Back in Britain, he had a brief but profitable stint as a tour guide before starting his publishing career as a production assistant at André Deutsch in 1955, subsequently moving to MacGibbon & Kee where the success of Declaration brought him to the attention of Allen Lane.

There he almost immediately set out to do his own thing and the series Penguin New Dramatists was the result. The first volume, featuring plays by Arnold Wesker, Doris Lessing and Bernard Kops was a big success selling more than 200, 000 copies. Denied the promotion he felt he deserved, Maschler left for a post as editorial director at Jonathan Cape, barely a month after the death of its founder.

As before, he refused to go with the flow and instead started scouting around for exciting new writers. He got his first best-seller when he convinced his editorial board to publish Catch-22, which had already been dismissed by one of Cape’s readers as “too American”. It cost Cape a bargain £250.

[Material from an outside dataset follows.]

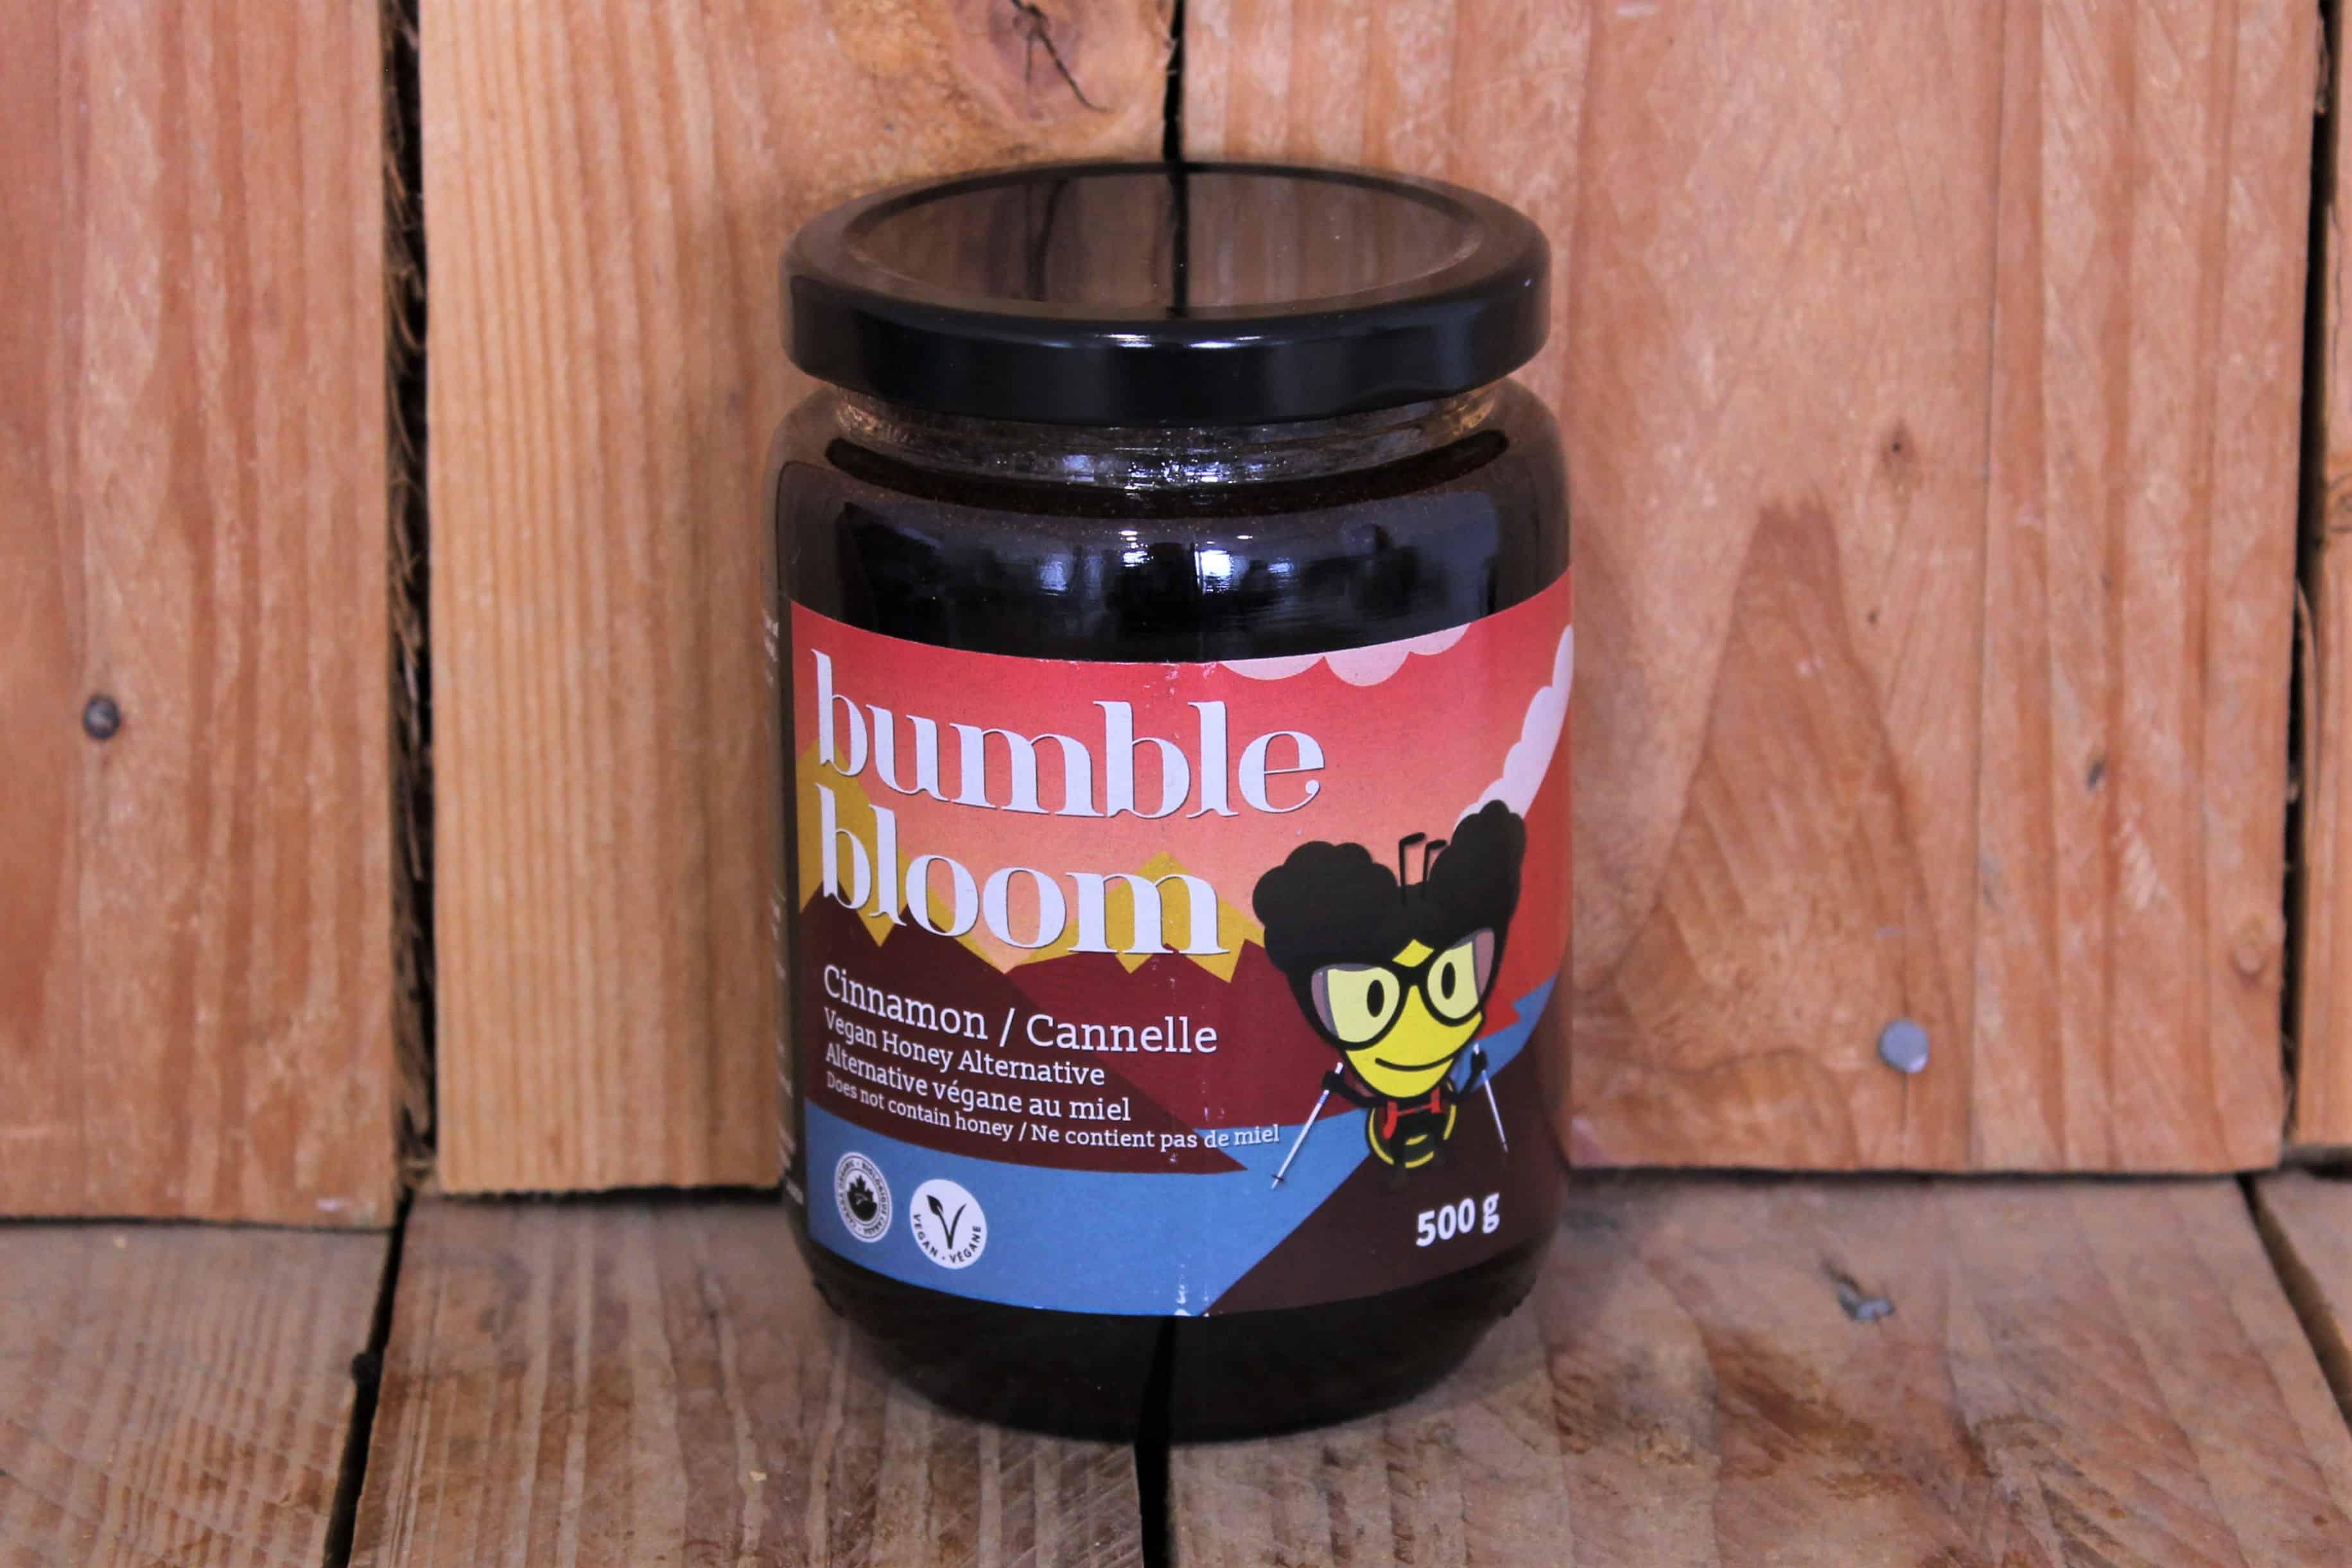 Bumble Bloom – Vegan Honey Alternative, Cinnamon (500g)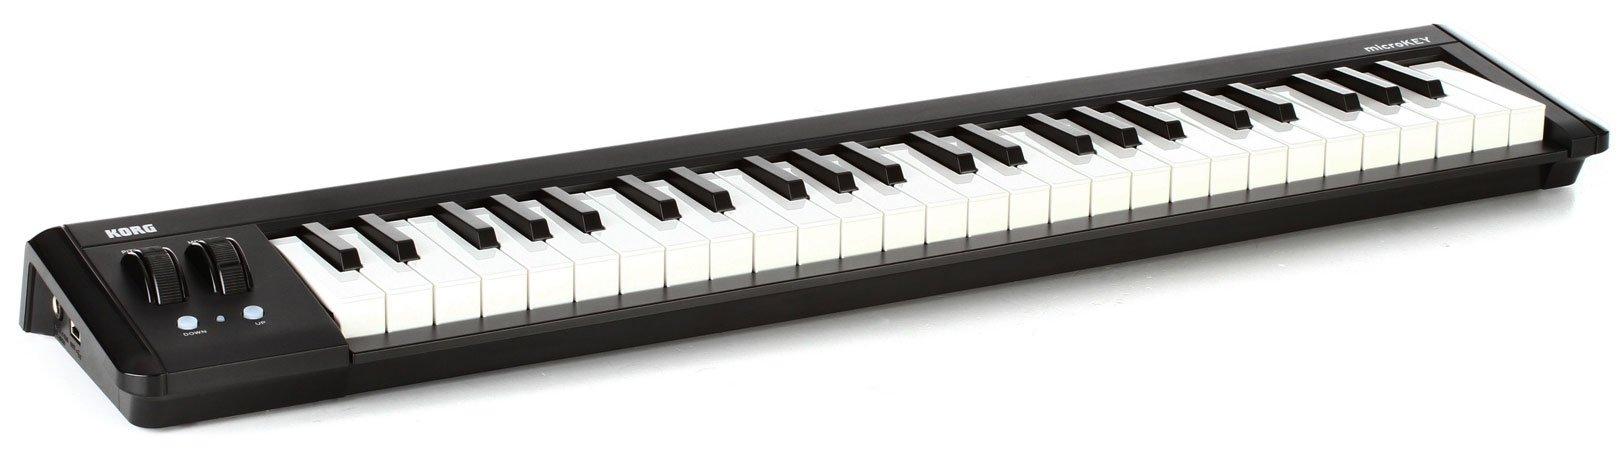 KORG microKEY2 49-Key iOS-Powerable USB MIDI Micro Keyboard Controller - Black by Korg (Image #3)

Next Maschler decamped to Idaho to work with the newly widowed Mary Hemingway on the novelist’s memoir, A Moveable Feast. The roll-call of his successes – some of them his own discoveries, others clever acquisitions – reads like a who’s who of contemporary literature: Thomas Pynchon, John Fowles, Philip Roth, Salman Rushdie, Nadine Gordimer, Ian McEwan, to name just a few.

His willingness to take chances paid off handsomely when he acquired five books by Gabriel Garcia Marquez, whose One Hundred Years of Solitude would introduce the English-speaking world to the magic realism of Latin American literature.

But it was his role in establishing the Booker Prize that he was most proud of. In 1969 Maschler convinced food group Booker-McConnell to fund the British equivalent of the French Prix Goncourt literary prize. “The Booker may be the most important thing I’ve ever done,” he would say later.

Maschler who was diagnosed with manic depression later in life, was maddening, according to one of his collaborators, but also stimulating and inspiring. As one of his authors, Ian McEwan, wrote, he “had instinctive good taste and also understood commerce. Over the years, millions of people have read good books in which Maschler had a hand, a big, generous hand at that.”

In 1970 Maschler married Fay Coventry (who, as Fay Maschler, has been the London Evening Standard’s restaurant critic for over 30 years). They divorced in 1987. In 1998 he married Regina Kulinicz. She survives him, as does Fay, together with their three children, Ben, Hannah and Alice.

JULIE CARBONARA

 

Thomas Michael Maschler: born August 16, 1933. Died October 15, 2020.